**Your task:** The data below holds a line containing "Кашпо Керамика ручной" and a line containing "Mann und Frau"; please quote exactly those two lines and every line between them, and nothing else.

**Task data:**

--- START ---

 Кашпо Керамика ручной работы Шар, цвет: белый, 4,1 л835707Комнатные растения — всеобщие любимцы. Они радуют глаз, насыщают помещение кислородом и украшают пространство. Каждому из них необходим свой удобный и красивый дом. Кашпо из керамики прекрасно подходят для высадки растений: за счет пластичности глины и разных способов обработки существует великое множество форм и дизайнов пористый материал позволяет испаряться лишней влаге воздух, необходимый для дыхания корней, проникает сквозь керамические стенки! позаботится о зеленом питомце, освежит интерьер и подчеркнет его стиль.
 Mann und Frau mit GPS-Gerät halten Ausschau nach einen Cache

--- END ---
--- START ---

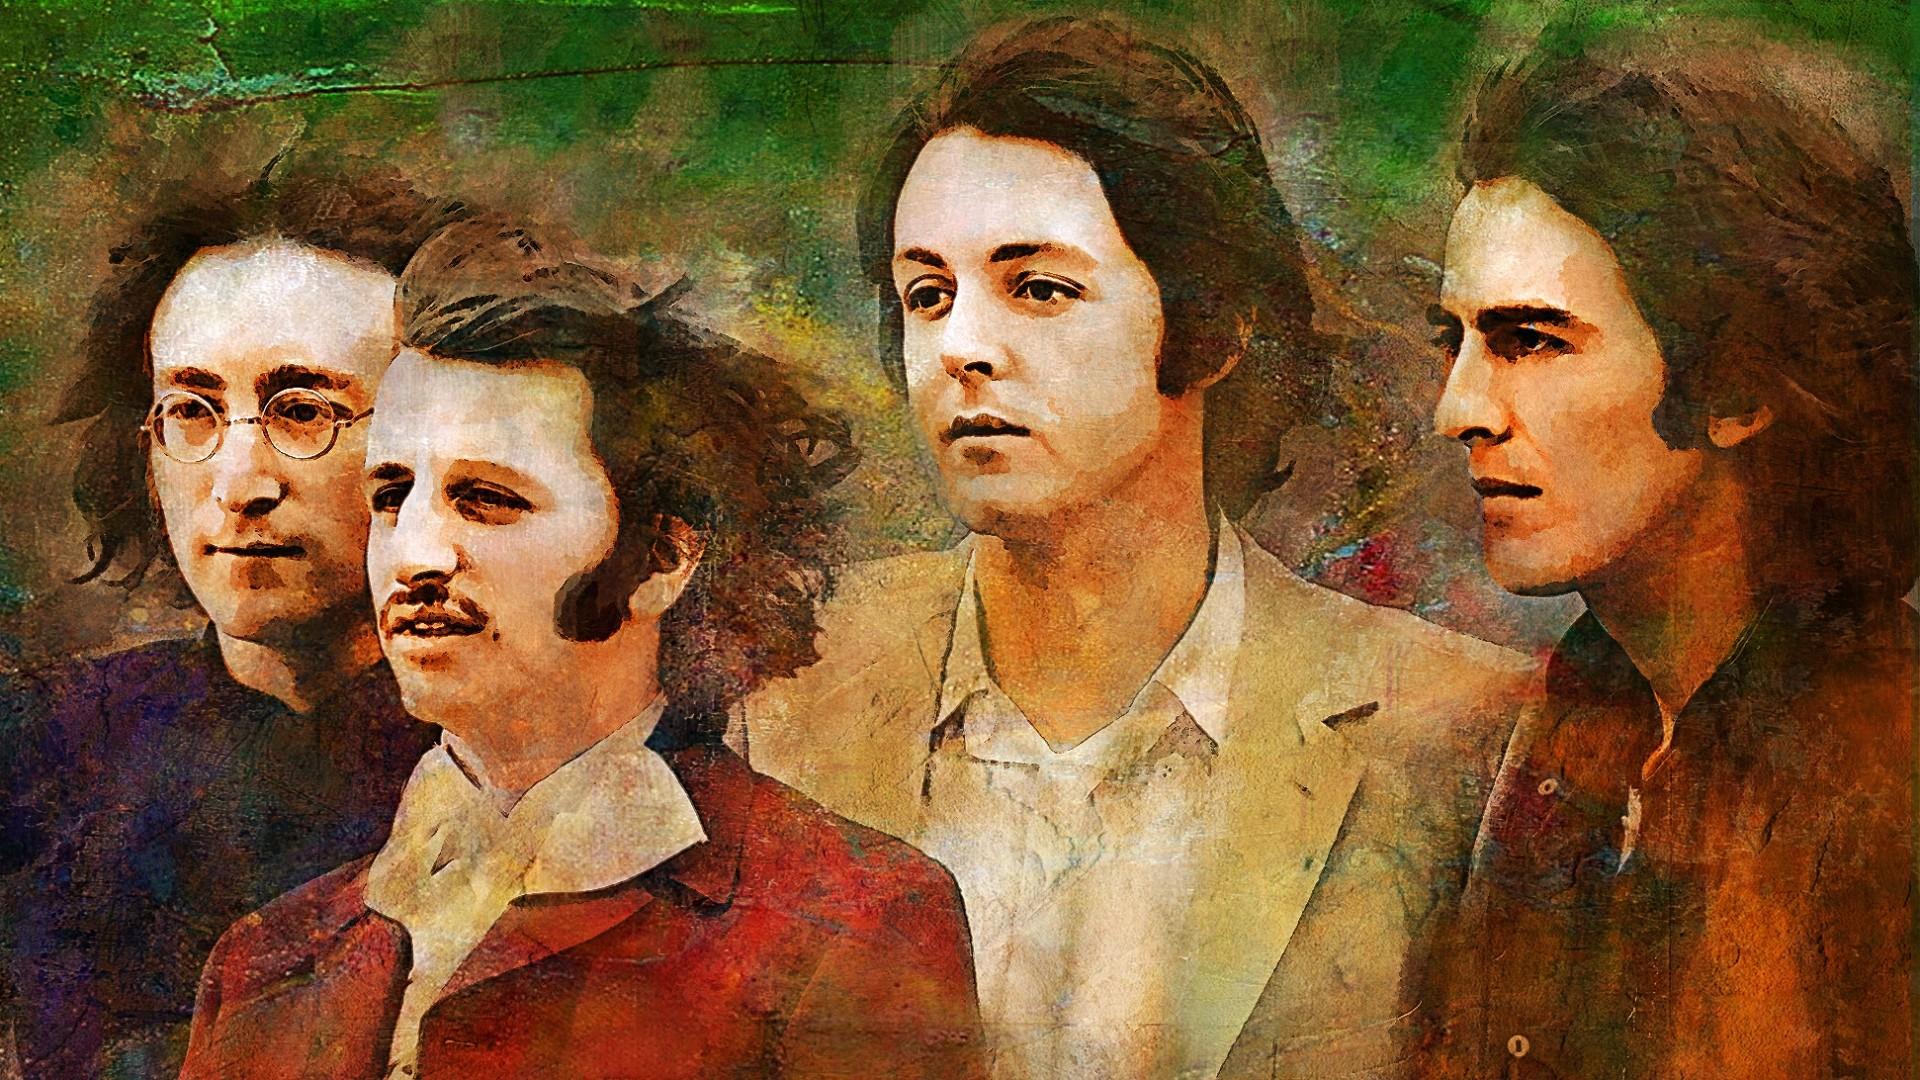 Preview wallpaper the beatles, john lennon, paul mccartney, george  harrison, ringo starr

--- END ---

**Task answer:**
 Кашпо Керамика ручной работы Шар, цвет: белый, 4,1 л835707Комнатные растения — всеобщие любимцы. Они радуют глаз, насыщают помещение кислородом и украшают пространство. Каждому из них необходим свой удобный и красивый дом. Кашпо из керамики прекрасно подходят для высадки растений: за счет пластичности глины и разных способов обработки существует великое множество форм и дизайнов пористый материал позволяет испаряться лишней влаге воздух, необходимый для дыхания корней, проникает сквозь керамические стенки! позаботится о зеленом питомце, освежит интерьер и подчеркнет его стиль.
 Mann und Frau mit GPS-Gerät halten Ausschau nach einen Cache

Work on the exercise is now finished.